Before using the cloud-based ECM, the company couldn't coordinate and share details of the customer transactions that project and field managers handled on job sites. Each new record, purchase request or notation had to be entered into the accounting system at company headquarters in Denver or at one of the company's plants throughout Colorado.

This meant new purchases couldn't be approved in front of the customer. Invoices also had to be transported between offices by employees. If an invoice missed the next ride, it would have to sit around until the next trip. As a result, transaction time lagged -- not to mention sales -- and support and office staff couldn't see the latest updates.

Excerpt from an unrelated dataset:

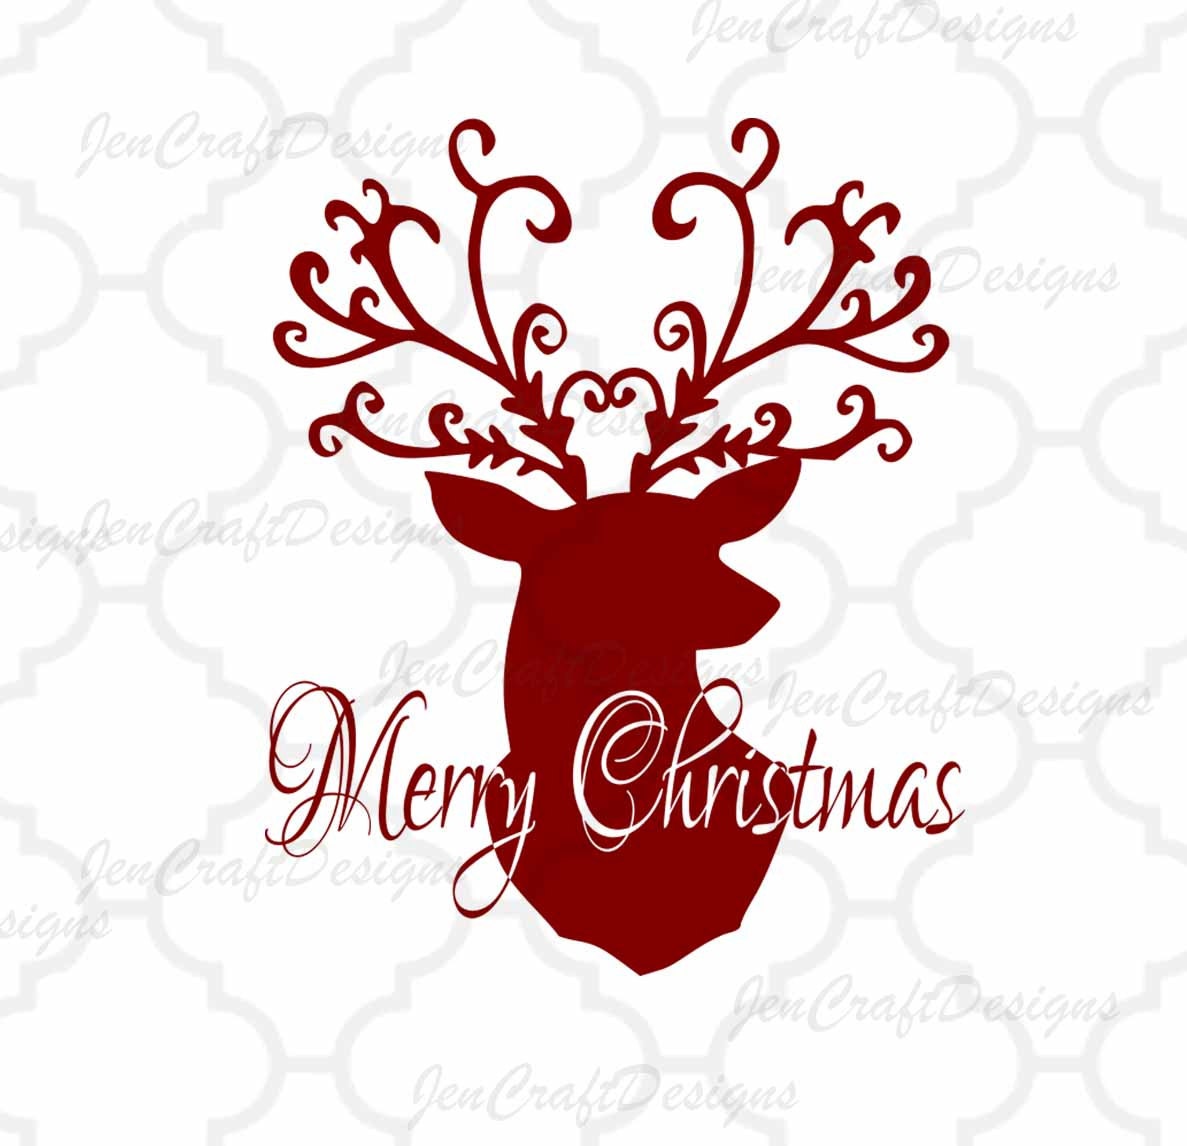 Download Christmas Reindeer SVGEPS Png DXFdigital download files for

DocStar ECM reduced Sterling Energy's invoice approval process from a full day -- or longer -- to just one hour. All of the employees can view and share details of invoices.

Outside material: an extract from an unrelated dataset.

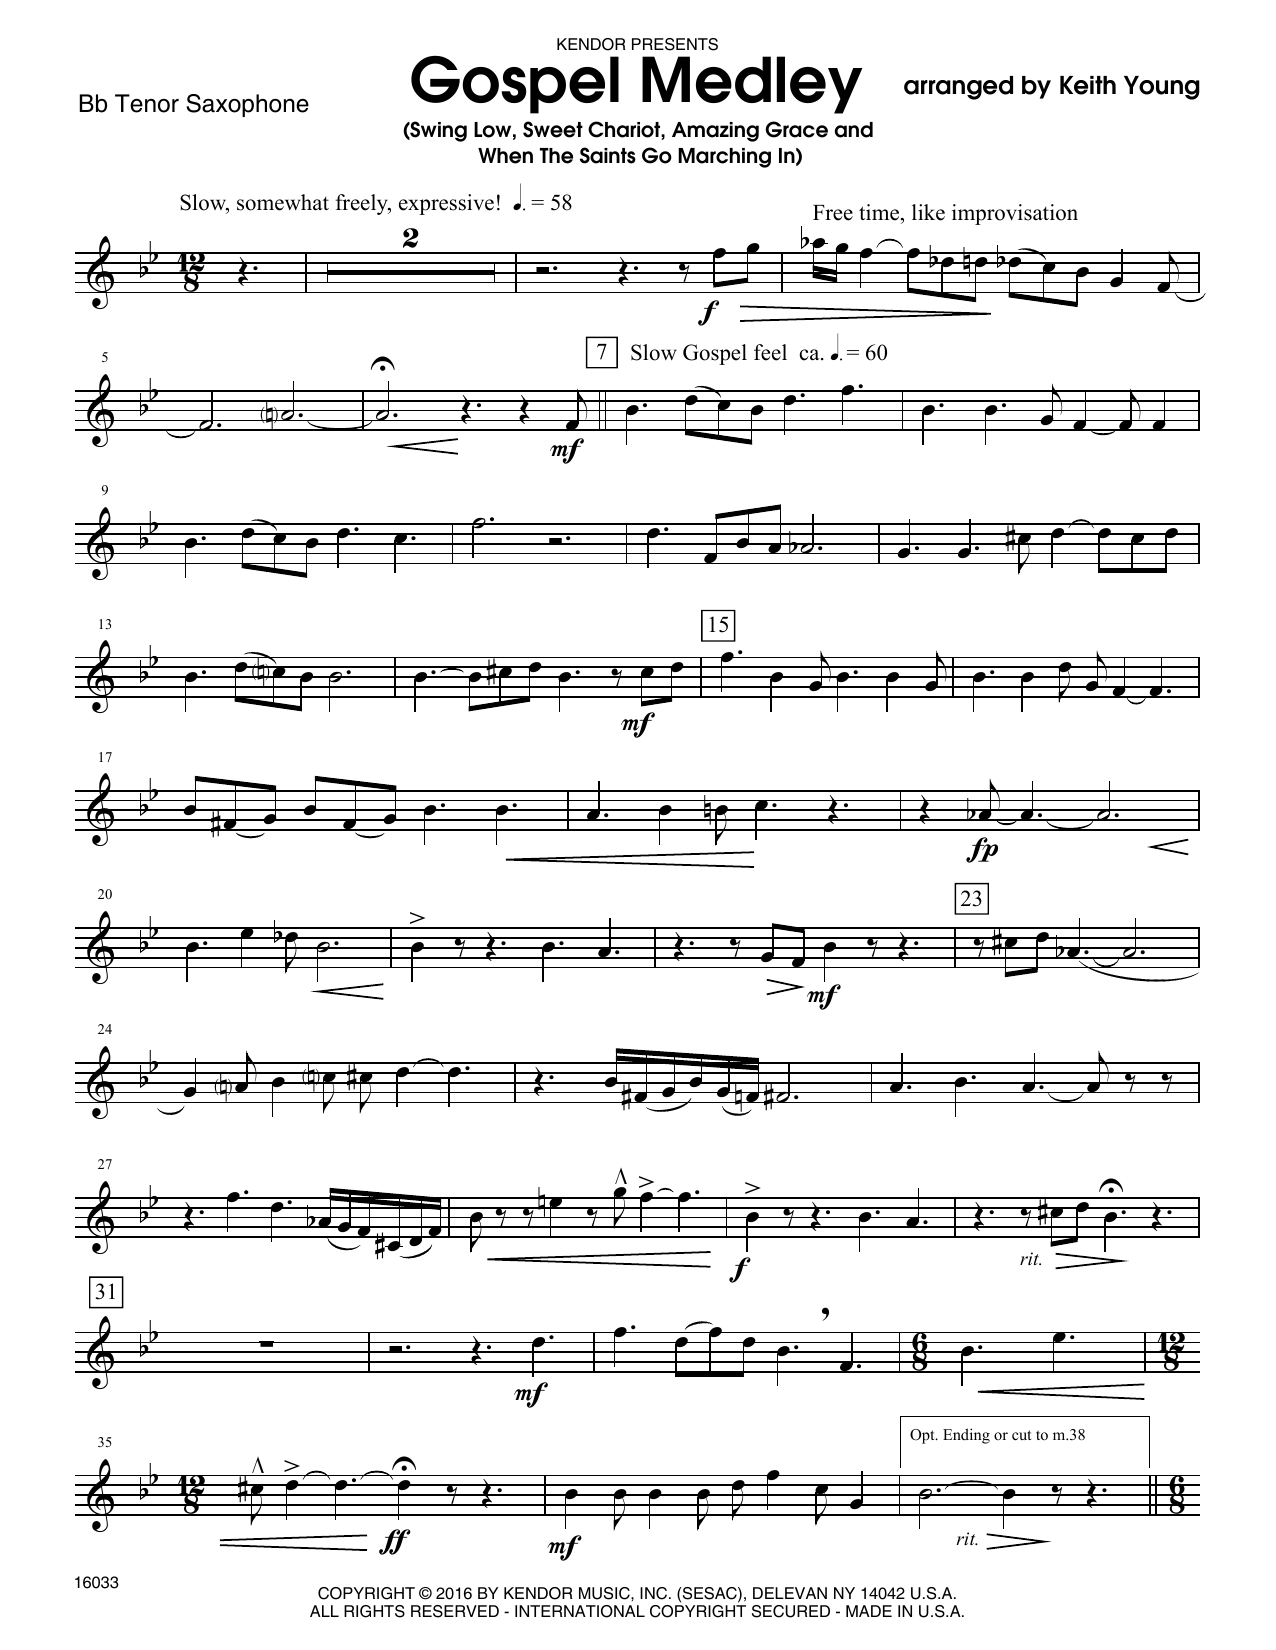 Download Keith Young Gospel Medley - Bb Tenor Saxophone Sheet Music

"There's no more printing," Flanagan said. "Everyone can now see when something is approved."

Also, project and field managers can see and share information directly from the field. They submit documentation on mobile devices from their trucks or homes and avoid driving several hours from a job site to a facility just to hand in paperwork.

Flanagan said Sterling Energy now pays vendors within a 10 to 14-day window.

"We've gotten invoices on Monday and they're ready to go by Friday," she said. "That didn't happen as quickly before."

By shifting from paper-bound transaction management to digital document management in ECM, Sterling Energy is confident it can handle its next growth spurt.

"We can take on more capacity," Flanagan said. "We're in the midst of another expansion: a big plant, two additional pipelines and a loop. With construction comes more purchase orders, which leads to more invoices. They'll now get processed on time and with clarity."